By a special act of the New Jersey Legislature, the village officially became the town of Raritan in 1868. Joseph Frelinghuysen, a name long associated with Raritan, was elected president of the board of commissioners and set out to make Raritan attractive to new industry. After a slow start, Raritan saw much growth and development. With large numbers of immigrants coming to America and consequently to Raritan, the population increased.
In 1891, the first police department was established, and in 1892, the town purchased a lot for $475 from Mrs. A. H. Brokaw for the fire department’s new engine house.
The Raritan Woolen Mills, established in 1846, was the largest and most famous of Raritan’s early industries; the quality of its goods was known throughout the United States. In 1882, its name was changed to the Somerset Manufacturing Company. As many as 400 people were employed there at one time. Workers made uniforms and blankets for Union soldiers during the Civil War and uniforms for the U.S. Army during World War I.
During World War I, many patriotic men of Raritan enlisted to defend their homeland. Those who remained on the home front spent thousands of dollars buying war bonds.
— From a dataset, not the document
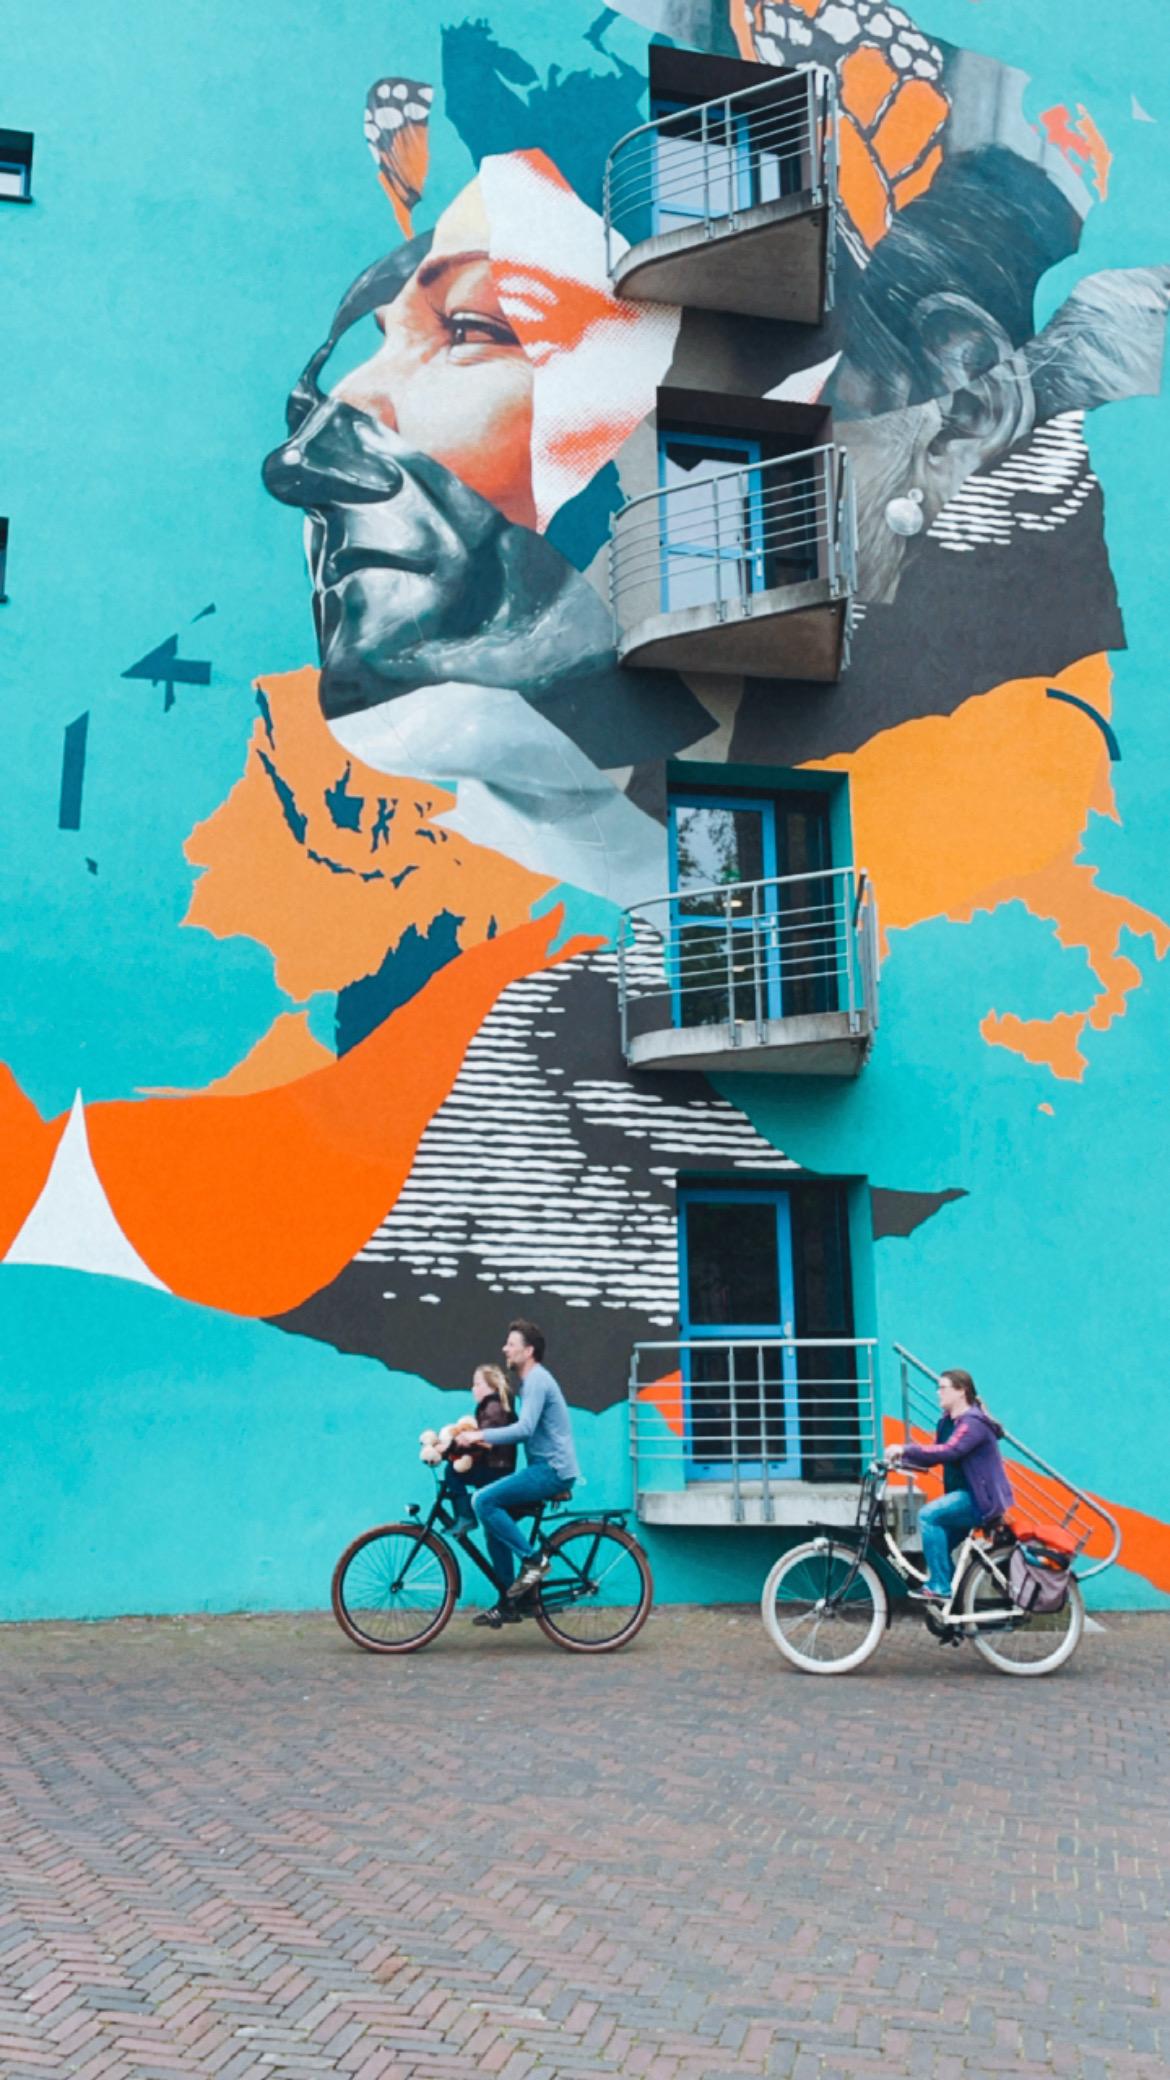 streetart in leeuwarden

This determined war effort became widely known, and officials in Washington, D.C., commissioned the building of a ship to be called the SS Natirar (Raritan spelled backwards) in appreciation of the sacrifices made by the citizens of Raritan. Raritan dignitaries launched the SS Natirar at Wilmington, Delaware, in 1920.
U.S. President Warren G. Harding often visited his friend Sen. Joseph S. Frelinghuysen and his family and attended The Third Reform Church in Raritan.
It was not surprising that Harding and Frelinghuysen were playing a round of golf on July 2, 1921, when Sen. Hale Kellogg, a messenger from Washington D.C., arrived with an important document requiring the president’s signature. The Knox-Porter Resolution, also known as the Treaty of Raritan, was signed by President Harding in the library of the Frelinghuysen home in Raritan on that day. The resolution officially ended World War I.
Once again, in 1941, the United States went to war, and hundreds of Raritan’s sons and daughters enlisted or were drafted into the service of their country. One of these young men was Marine Gunnery Sgt. John Basilone. Basilone was the first enlisted man to receive the Congressional Medal of Honor during World War II for his heroic action on Guadalcanal from October 24 through 27, 1942. A Japanese regiment of nearly 3,000 men attacked Basilone and his platoon, and Basilone wiped out the entire regiment almost single-handedly. Rather than spend the rest of the war traveling throughout the United States encouraging people to buy war bonds, he elected to return to active duty. On February 19th, 1945, Basilone was killed in action in the assault on Iwo Jima. He was awarded the Navy Cross posthumously for his bravery during the battle. A grateful and proud town erected a statue in Basilone’s memory in 1948 and has honored him with a parade since 1981.
Although many years have passed since the first settlers set foot in this area, Raritan still retains its small town charm. Walking along Somerset Street, one can still see original Colonial homes, stores, and churches, and three of the four original homes are still in use today. For those of you who remember the Raritan of yesterday, enjoy this walk down memory lane. We all must treasure the images of the past and remember to capture the images of today. This is the way to preserve our heritage and culture for future generations.